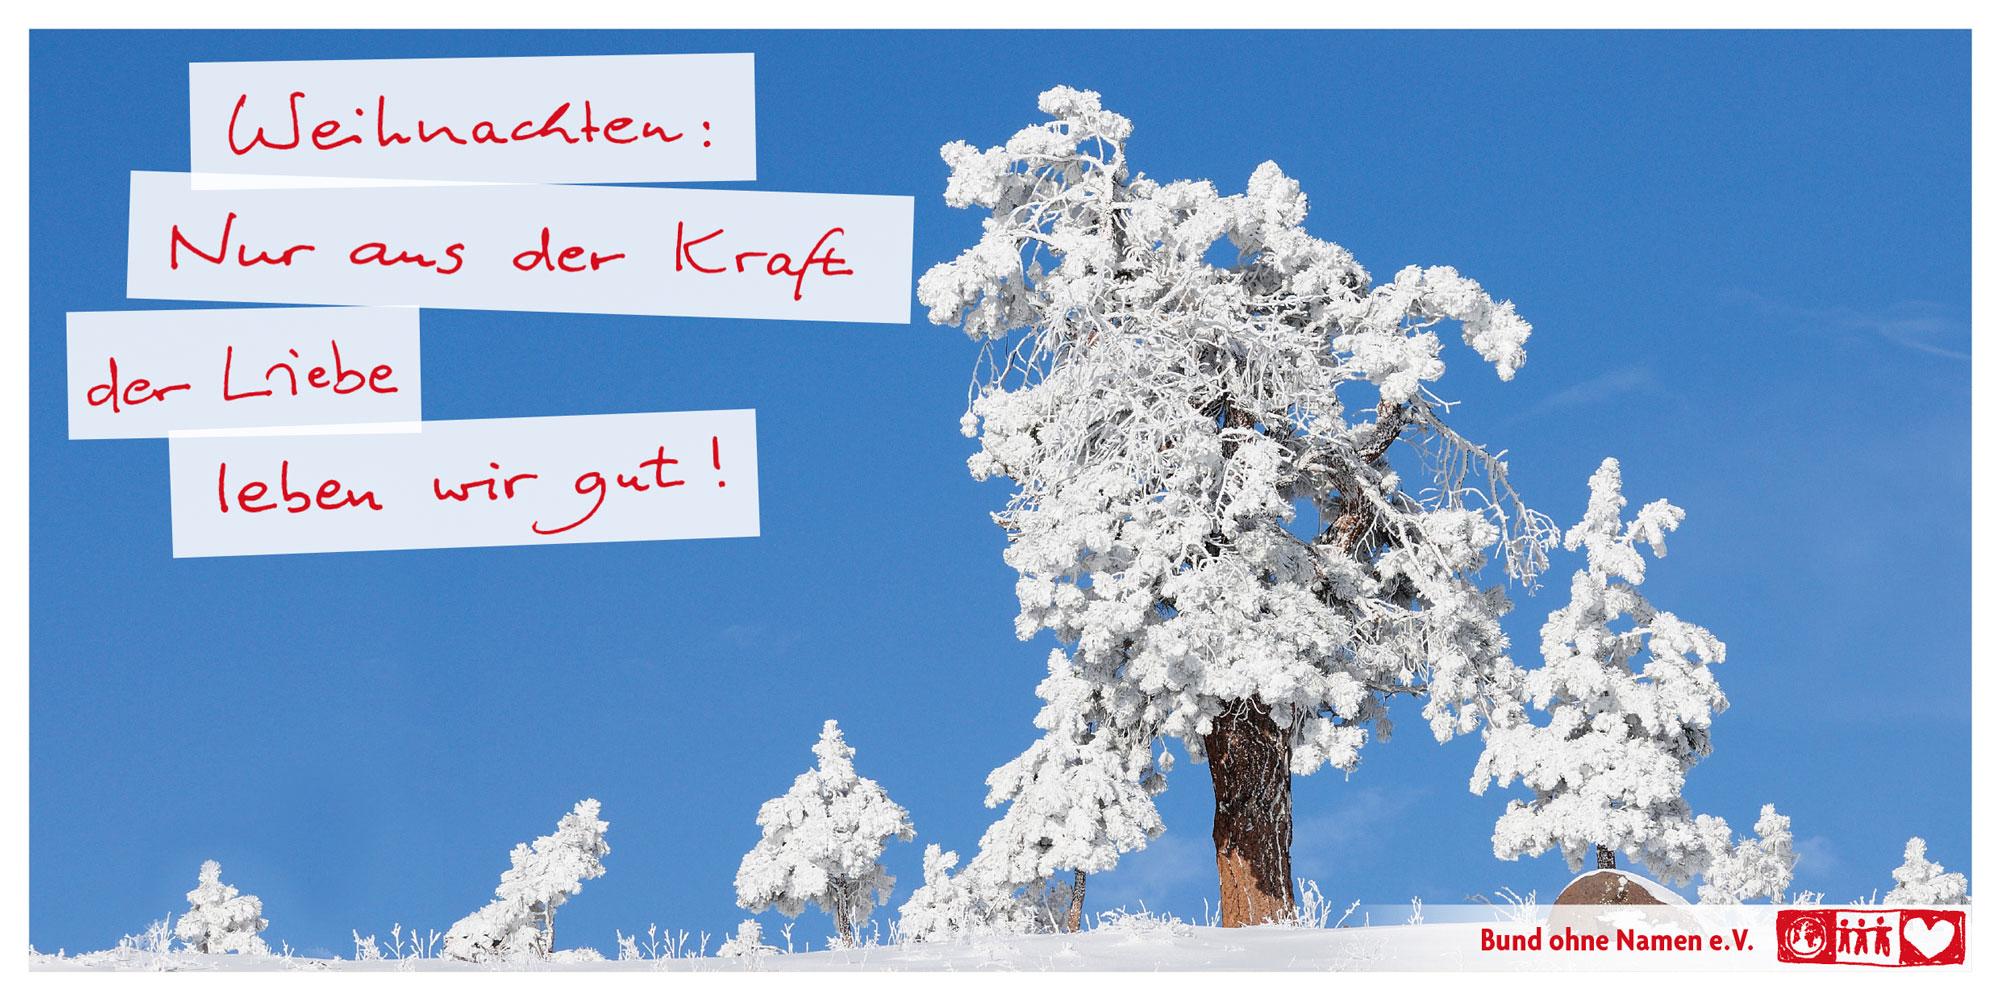 Weihnachten: Nur aus der Kraft der Liebe leben wir gut!
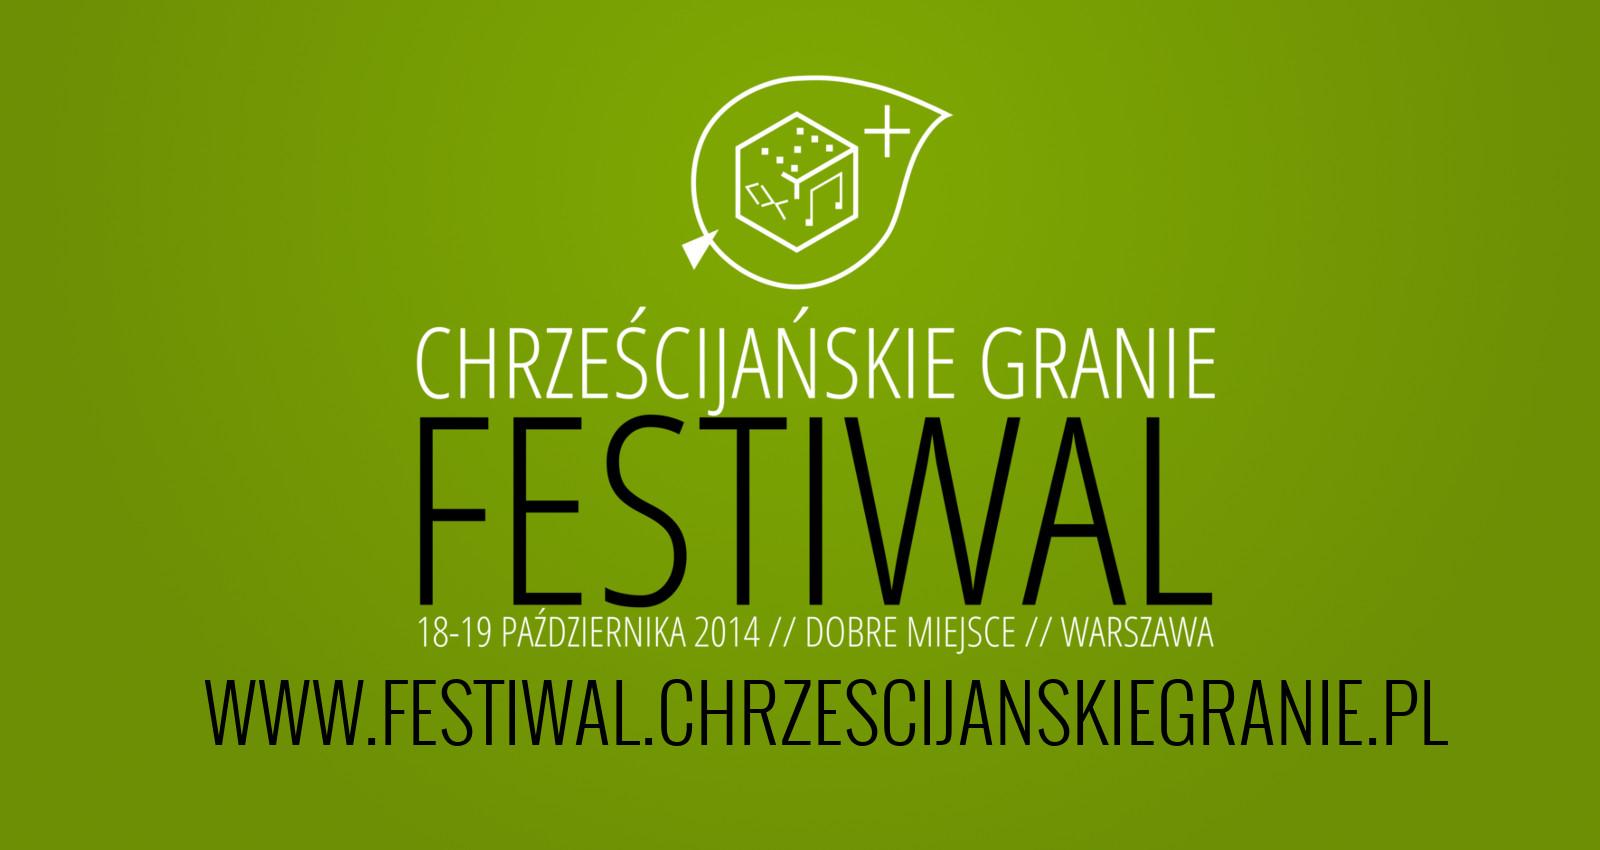 4. Festiwal Chrześcijańskie Granie - zielony
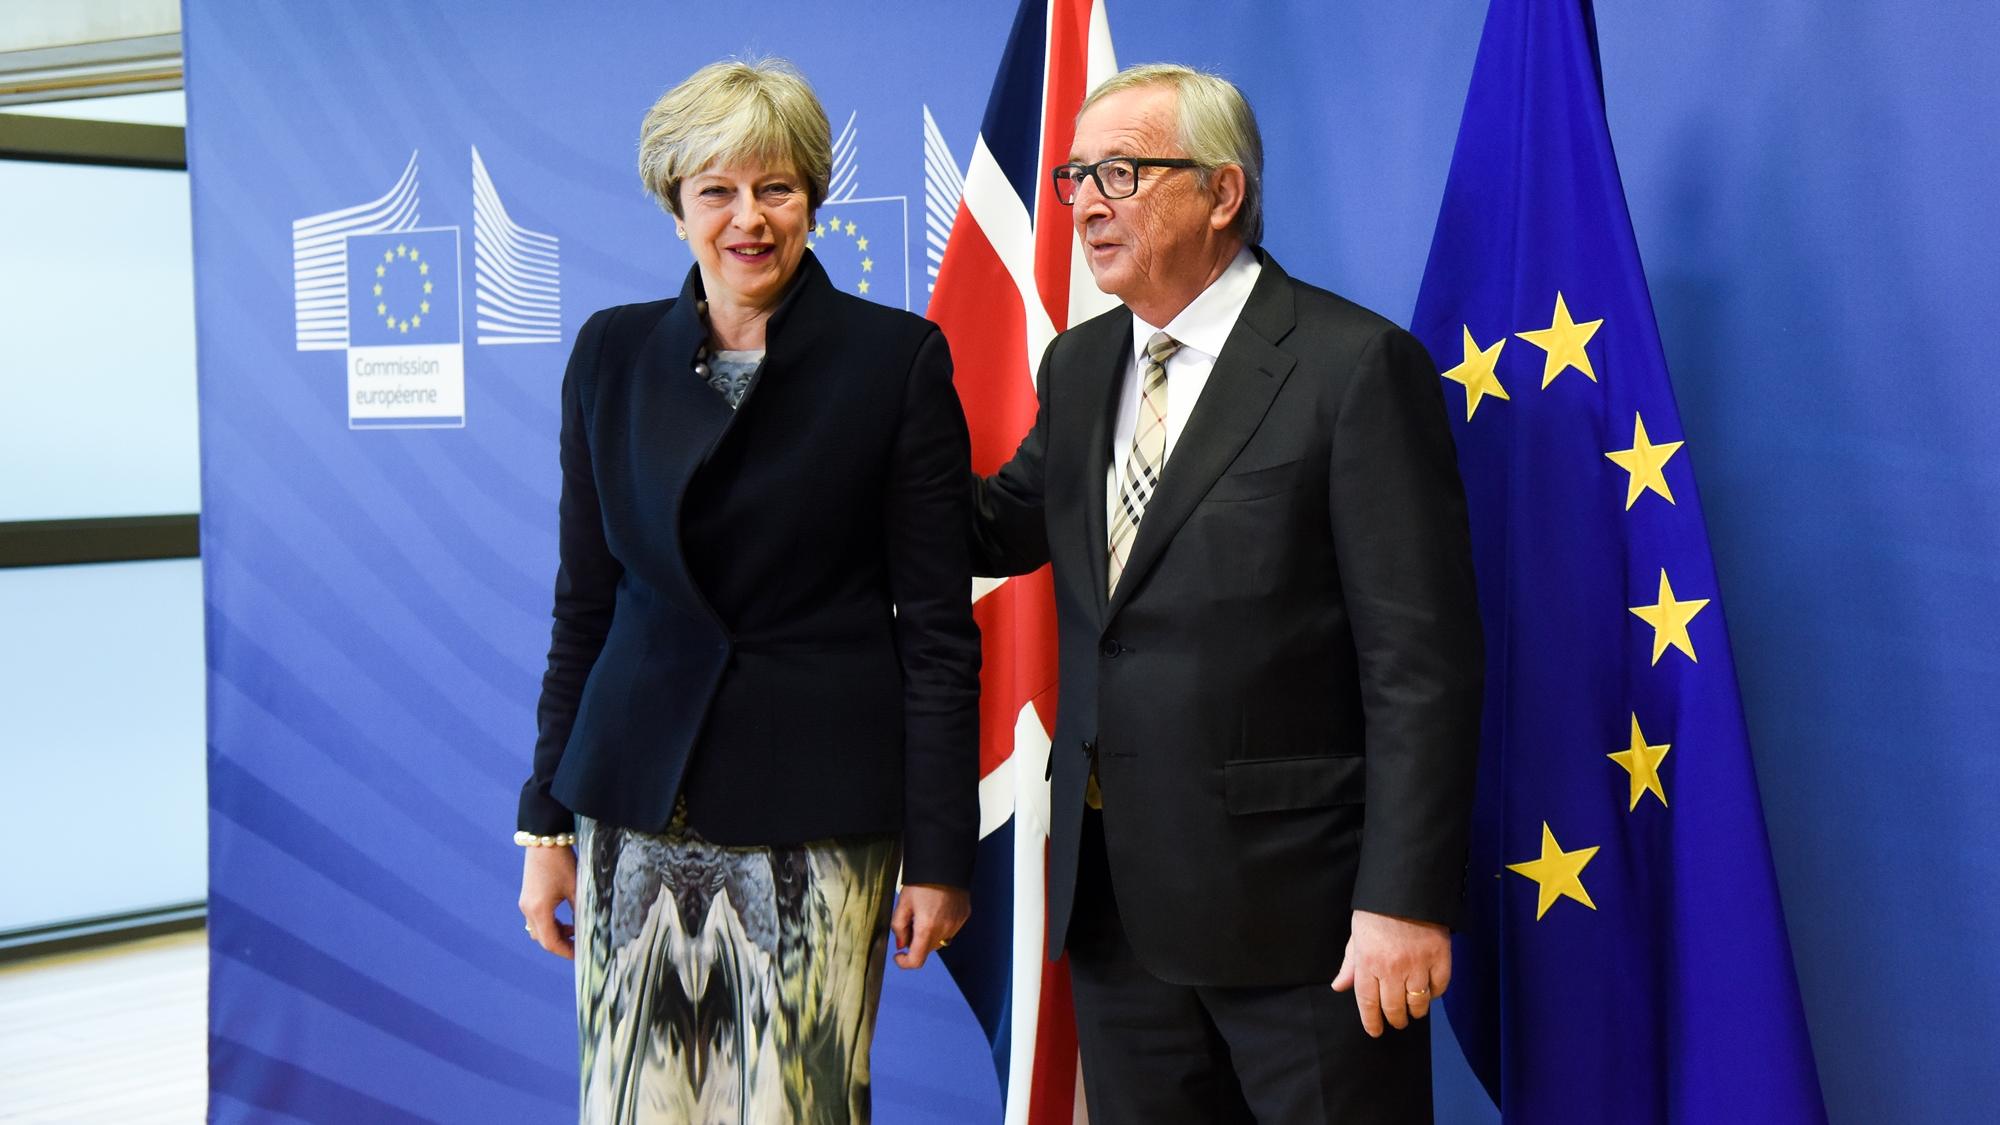 Podría no haber Brexit, dice primera ministra británica
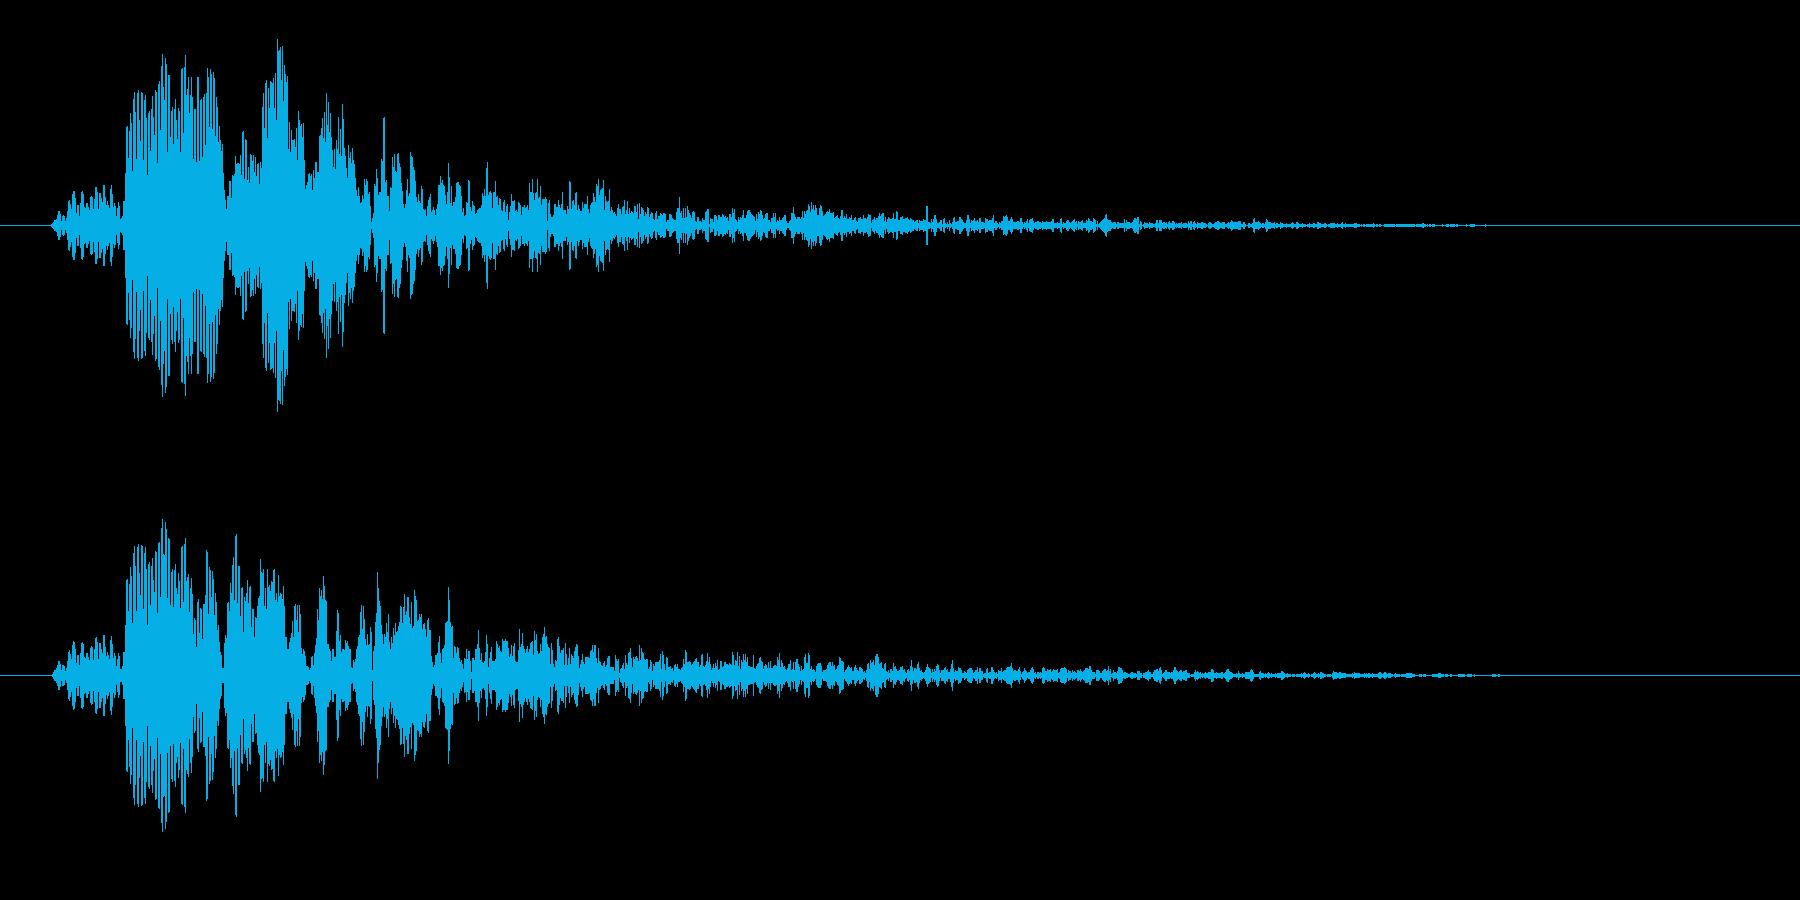 ピョン(ゲームのジャンプ音や決定音向け)の再生済みの波形

___

_The task_: Reproduce exactly the line containing "4. Festiwal Chrześcijańskie Granie - zielony" and every line after it in the material above, up to and including the last. Exclude all pictures.

_Result_:
 4. Festiwal Chrześcijańskie Granie - zielony
 Podría no haber Brexit, dice primera ministra británica
 ピョン(ゲームのジャンプ音や決定音向け)の再生済みの波形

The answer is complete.